Athletics: Kiprotich wins gold for Uganda
LONDON (Reuters) - Stephen Kiprotich drew inspiration from Uganda's only previous Olympic champion and capitalized on the benefits of training at altitude in Kenya to win the London Games men's marathon on Sunday.
"I was unknown, now I am known," Kiprotich told reporters after winning Uganda's first medal of the Games in the final event of the athletics program before thousands of cheering spectators on the streets of London.
John Akii-Bua, who set a world record in the 1972 Munich Games 400 meters hurdles final, was Uganda's only other Olympic champion.
"I always kept him in mind," Kiprotich said after accelerating away from Kenyans Wilson Kipsang and Abel Kirui with six kilometers remaining in the 42.195km race past some of London's most celebrated landmarks on a hot and humid morning.
"I saw him coming like a cheetah," exclaimed twice world champion Kirui, who had been locked in a three-way battle with Kiprotich and London champion Kipsang since the 30-km mark on a loop course with one short and three long laps.
"It was very hard to control that kind of move."
Kipsang had taken the early lead, passing the halfway stage in 63 minutes 15 seconds in a successful attempt to split the field, before he was gradually reeled in by Kiprotich and Kirui.
"I took it out because the pace was so slow and I knew we would have problems at the end so I tried to push," he explained.
Kiprotich crossed the line in two hours eight minutes one second, 26 seconds ahead of Kirui. Kipsang was 1:10 further back.
His time, in his fourth marathon, was the third fastest at the Olympic Games and his gold medal was the first of any kind by a Ugandan distance runner.
Kiprotich, 23, trains in Eldoret with a number of elite Kenyans, including Emmanuel Mutai, the east Africans' third man in Sunday's race.

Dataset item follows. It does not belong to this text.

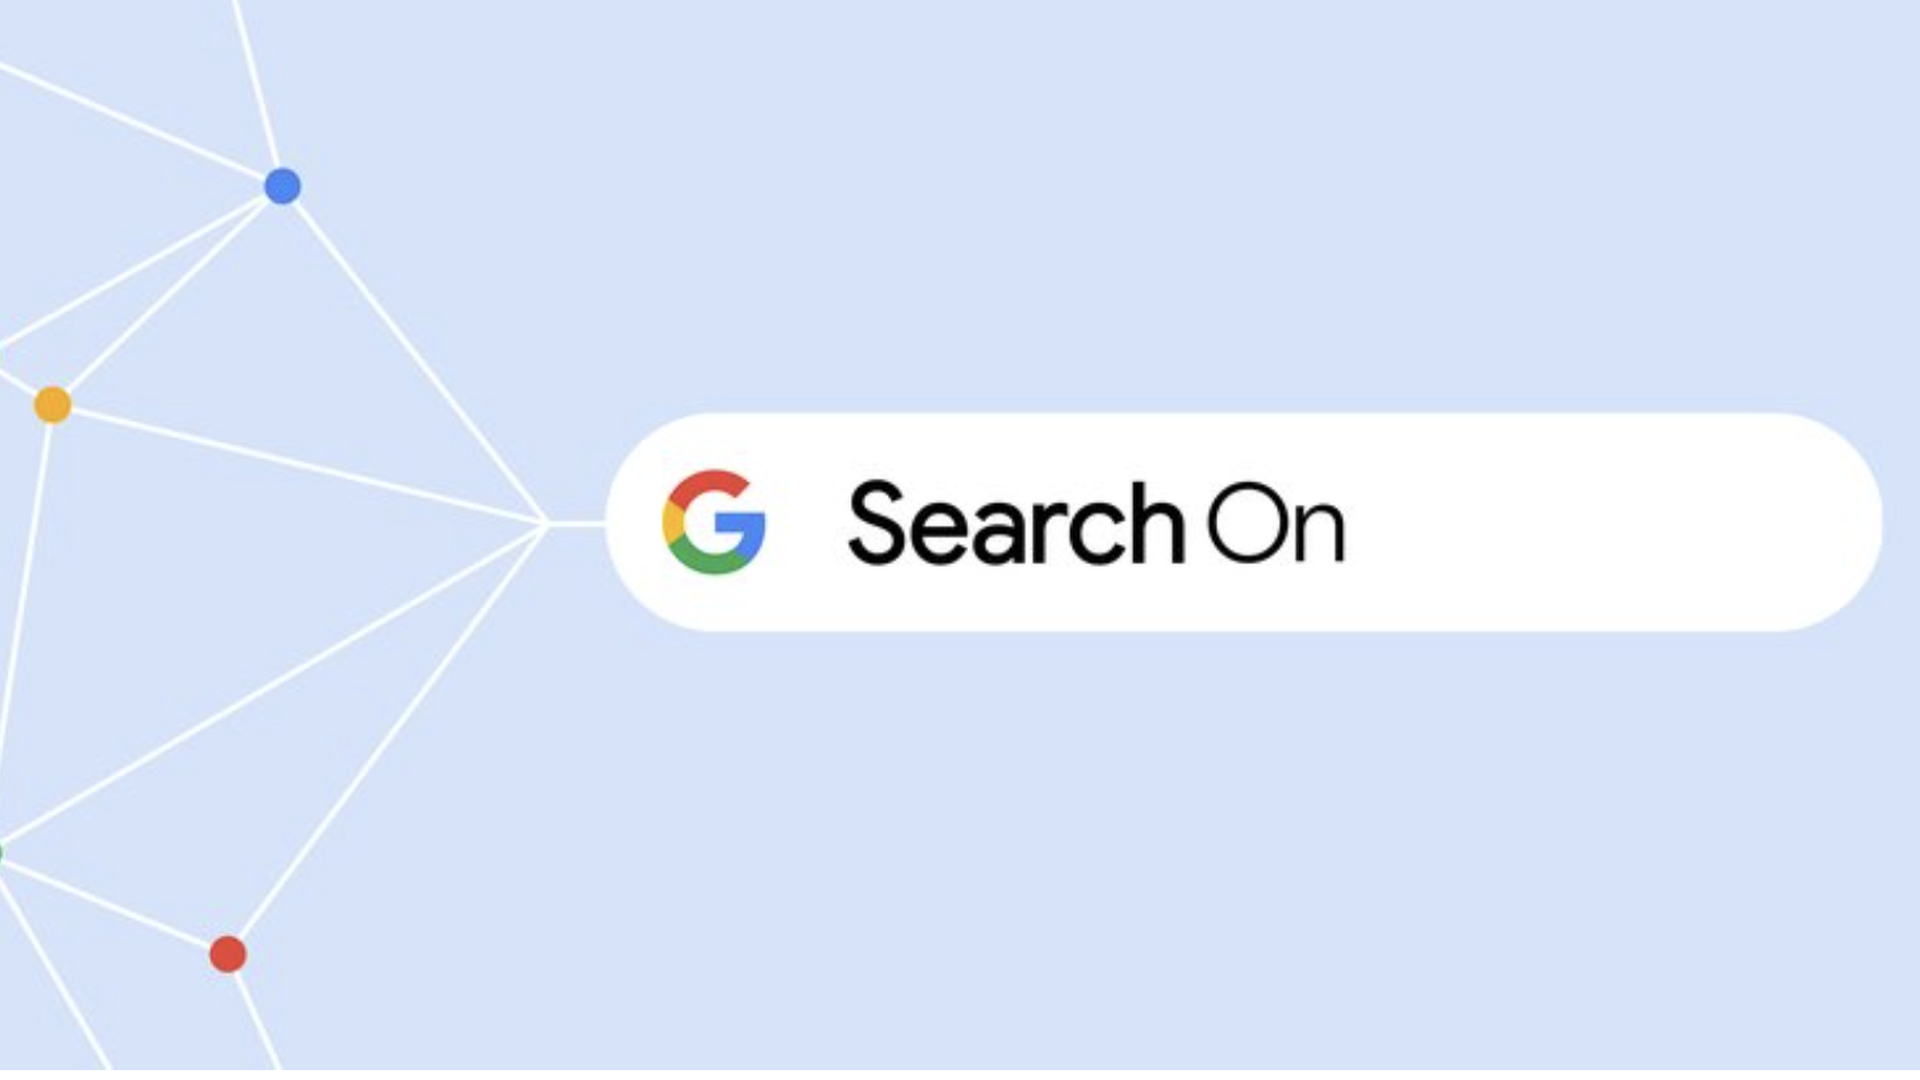 A screenshot of Google's Search On logo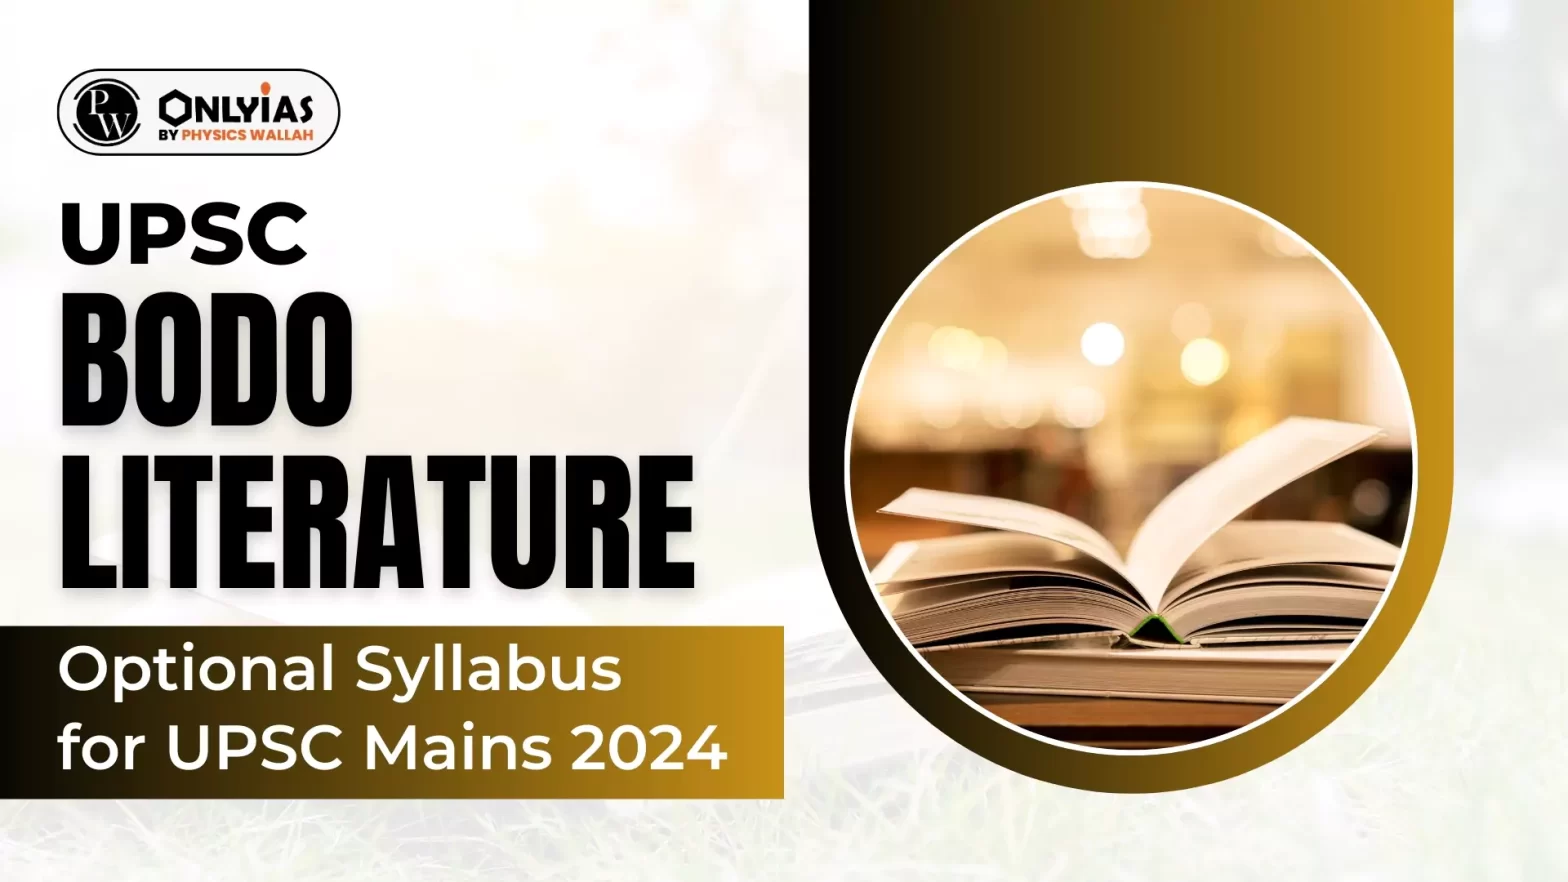 UPSC Bodo Literature Optional Syllabus  for UPSC Mains 2024

"The problem with Uganda is that there are no facilities," he said. "I come from an area where there are no facilities.
"I spend some time in Kenya, some in Uganda but most of my time is spent in Kenya in a training camp.
"At the start of the race I thought either Kenya would win, Ethiopia would win. Then I thought maybe I could move.
"It is our second gold medal. I made history for my people, my coaches, my manager, for Uganda. I am happy."